→ Activity
Output, exactly as written, the lines below from the one that has "Fender Squier Affinity" through the one that has "Rainbow House Coloring"; nothing else, and no pictures.

→ Provided records
____________________

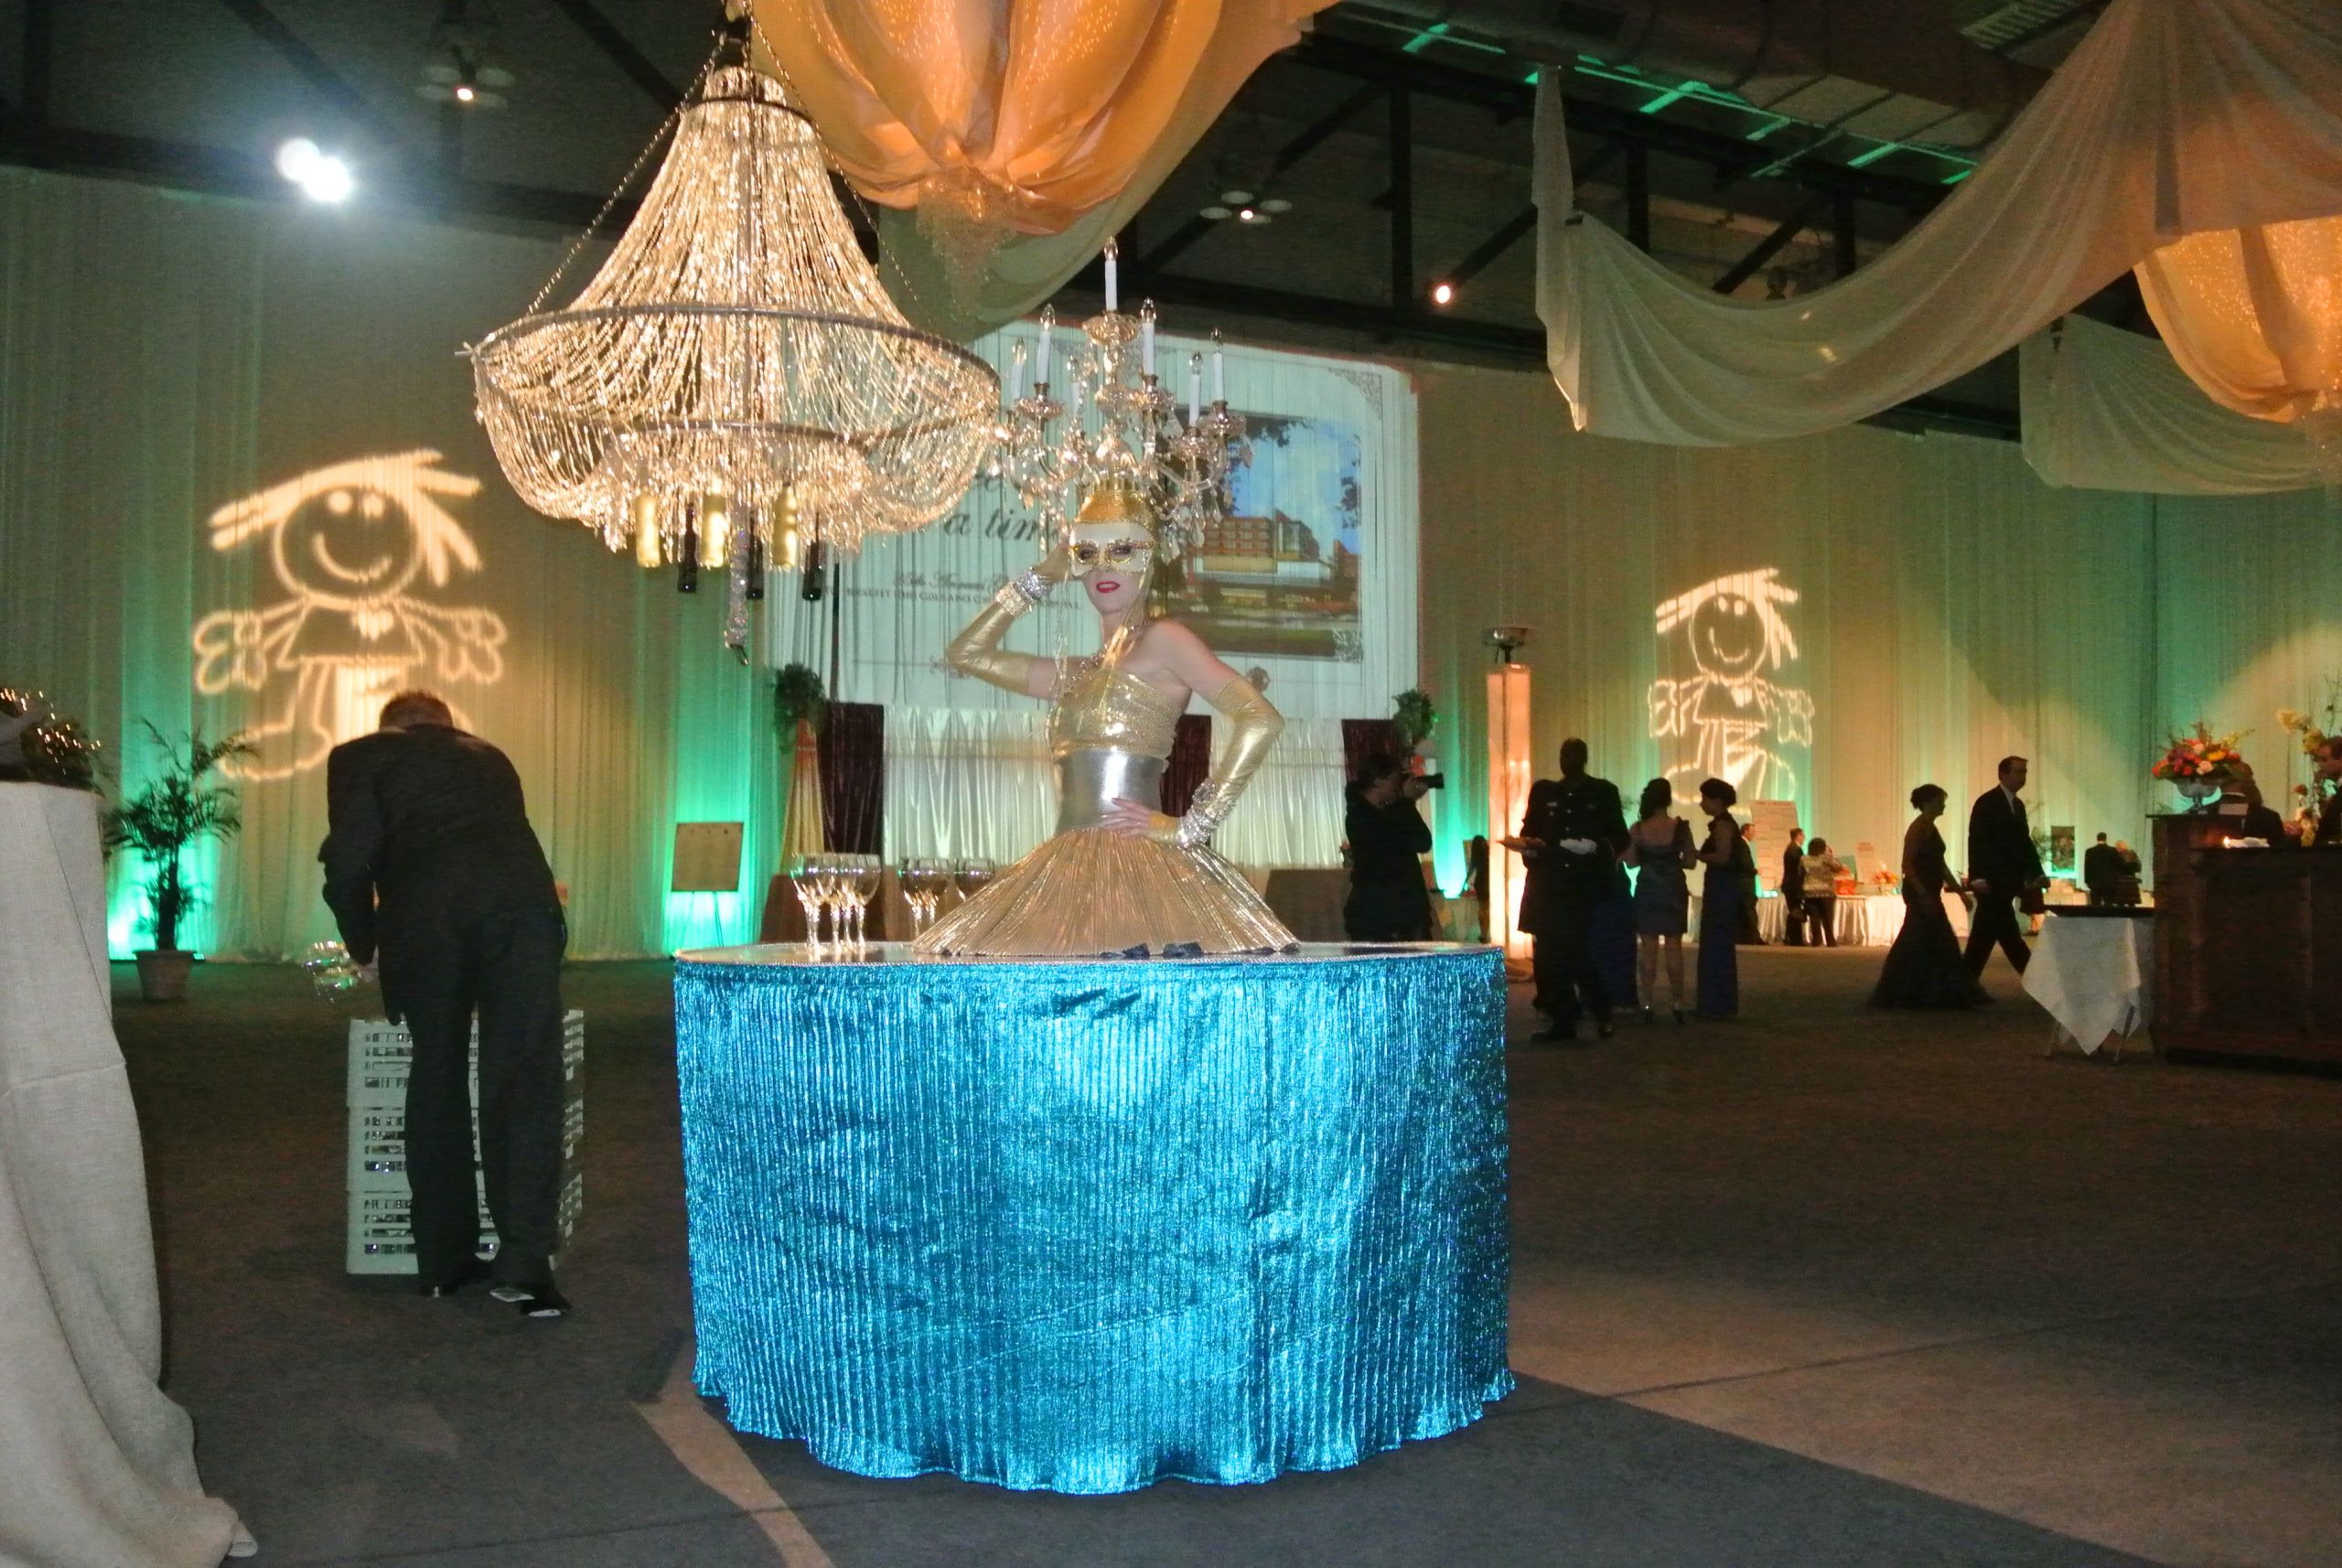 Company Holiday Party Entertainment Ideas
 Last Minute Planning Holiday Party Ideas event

____________________

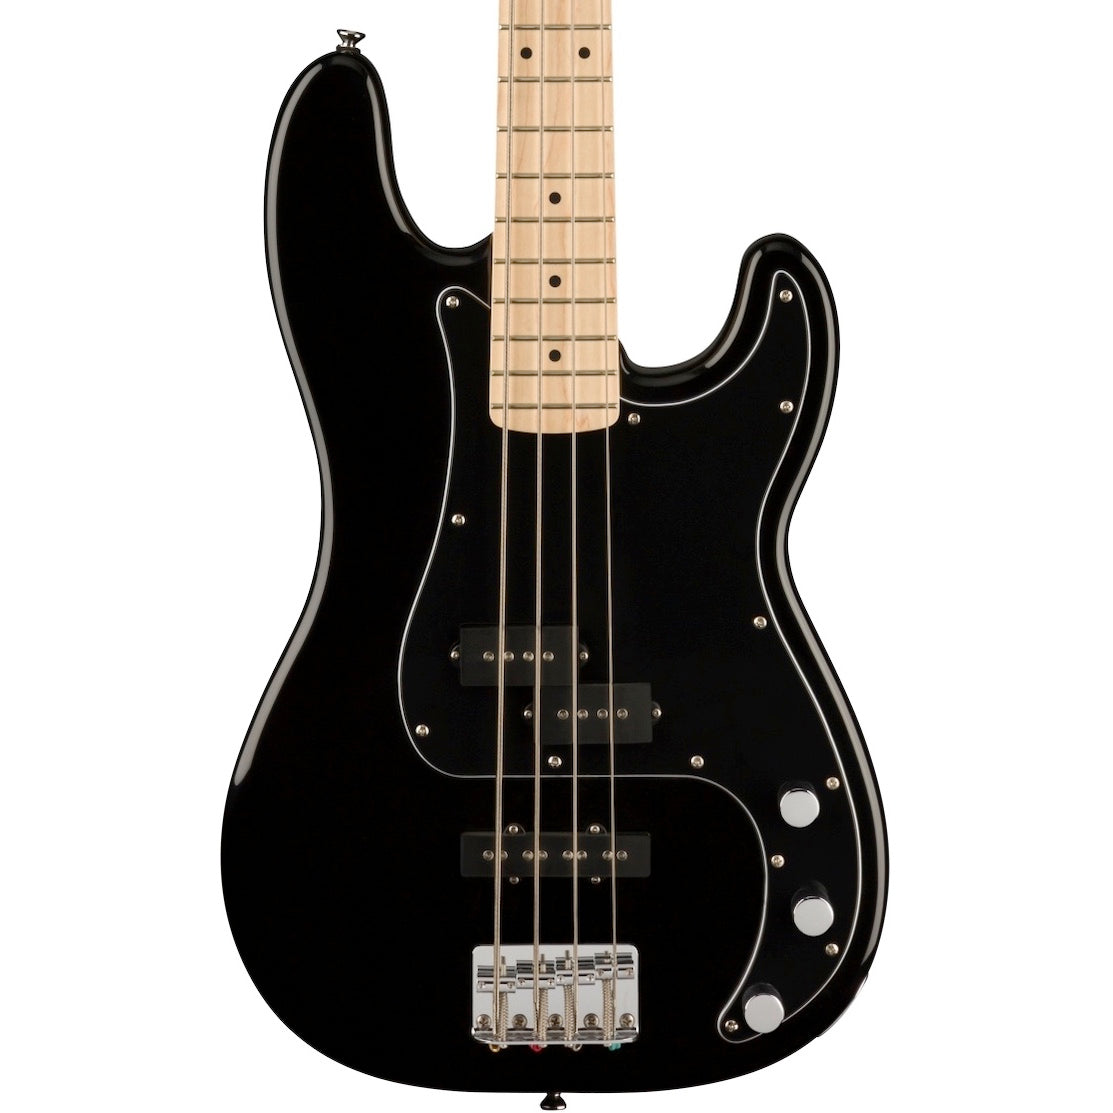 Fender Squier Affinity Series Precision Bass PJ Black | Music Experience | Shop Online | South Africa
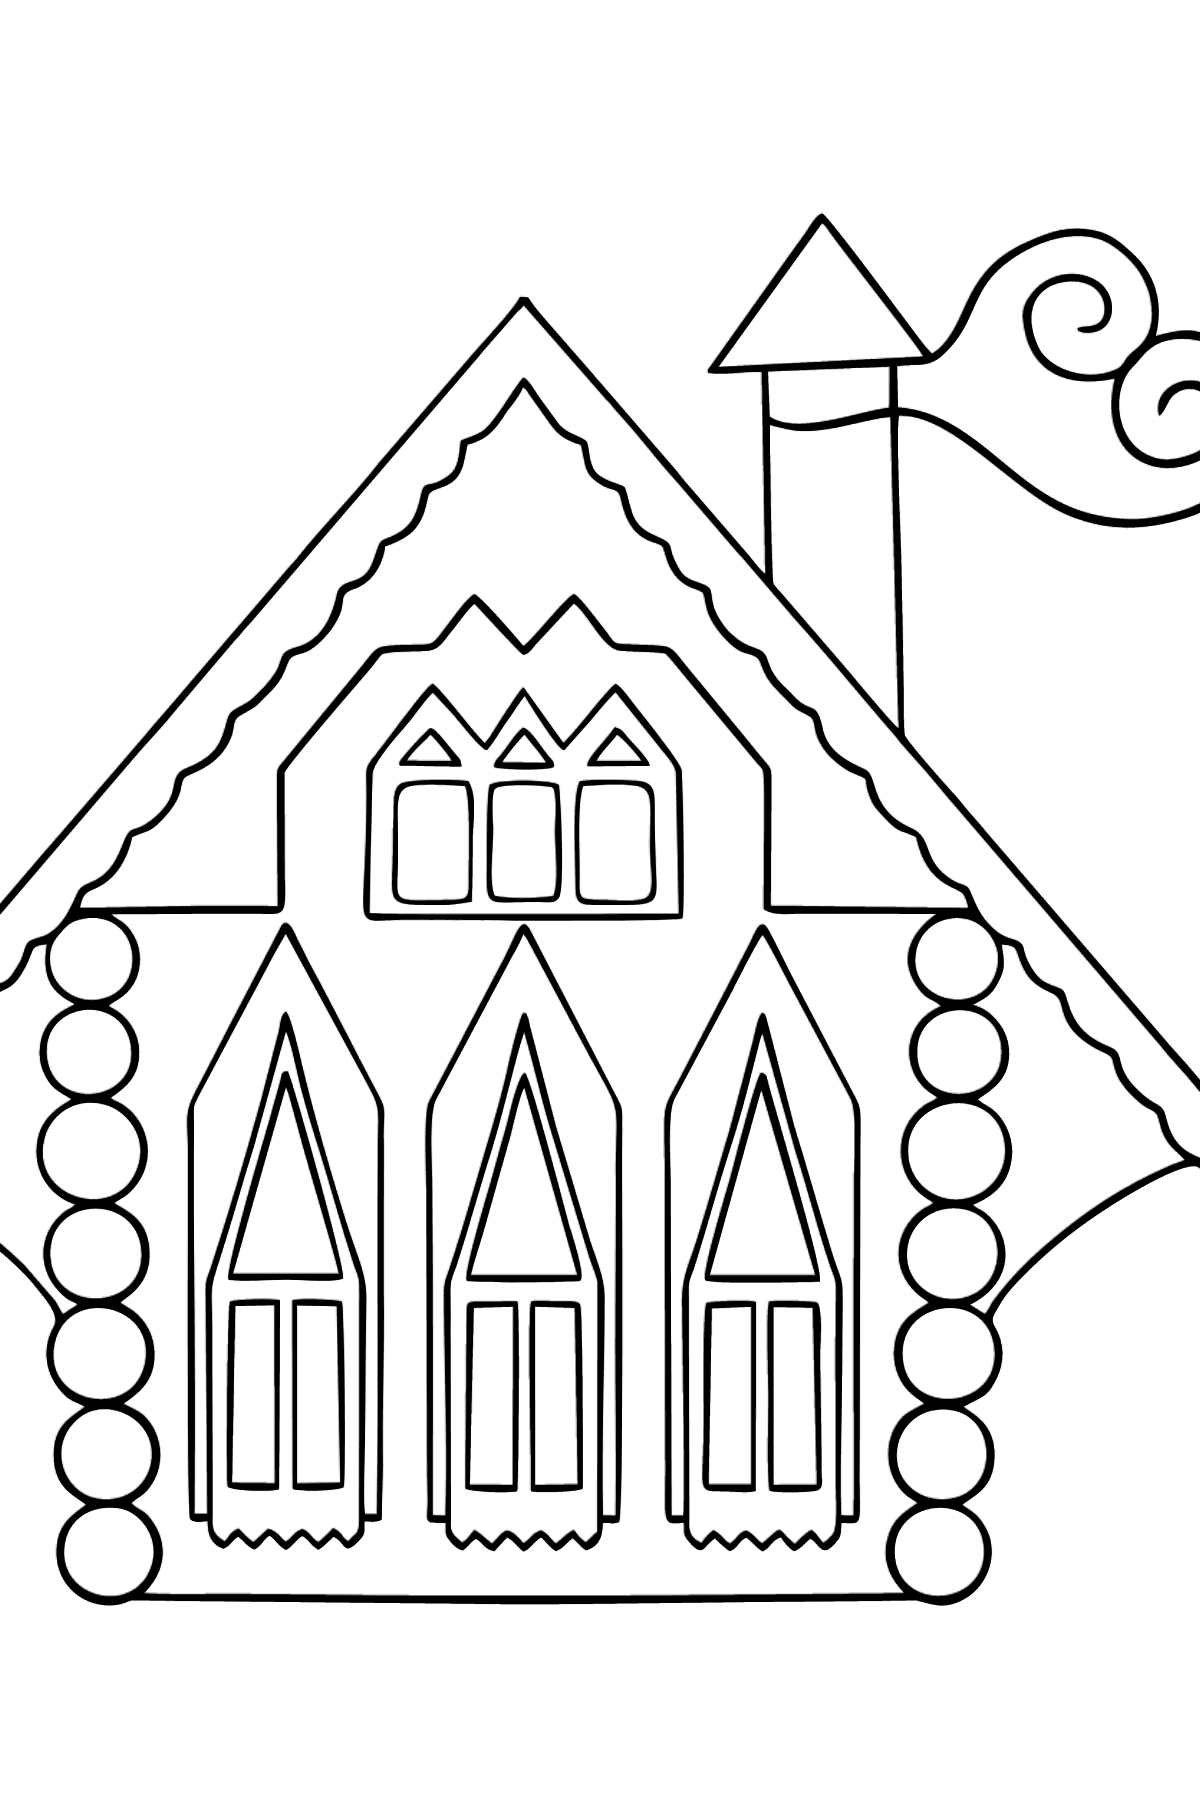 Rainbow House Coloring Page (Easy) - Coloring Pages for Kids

____________________

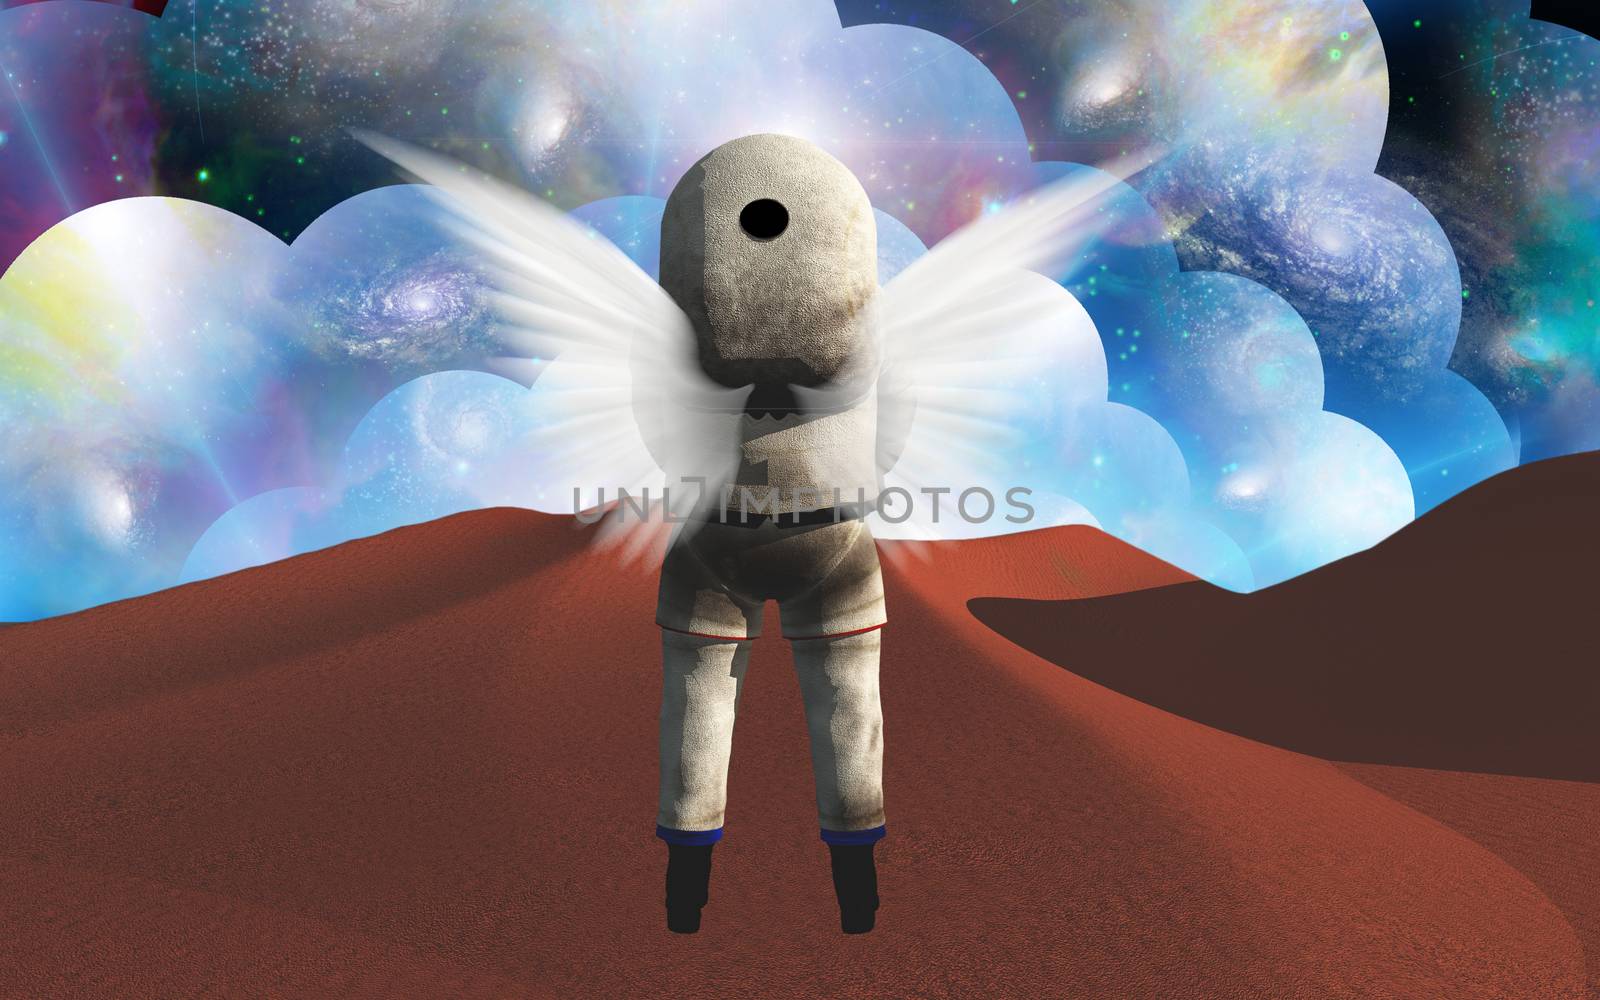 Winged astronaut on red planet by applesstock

____________________

→ Task solution
 Fender Squier Affinity Series Precision Bass PJ Black | Music Experience | Shop Online | South Africa
 Rainbow House Coloring Page (Easy) - Coloring Pages for Kids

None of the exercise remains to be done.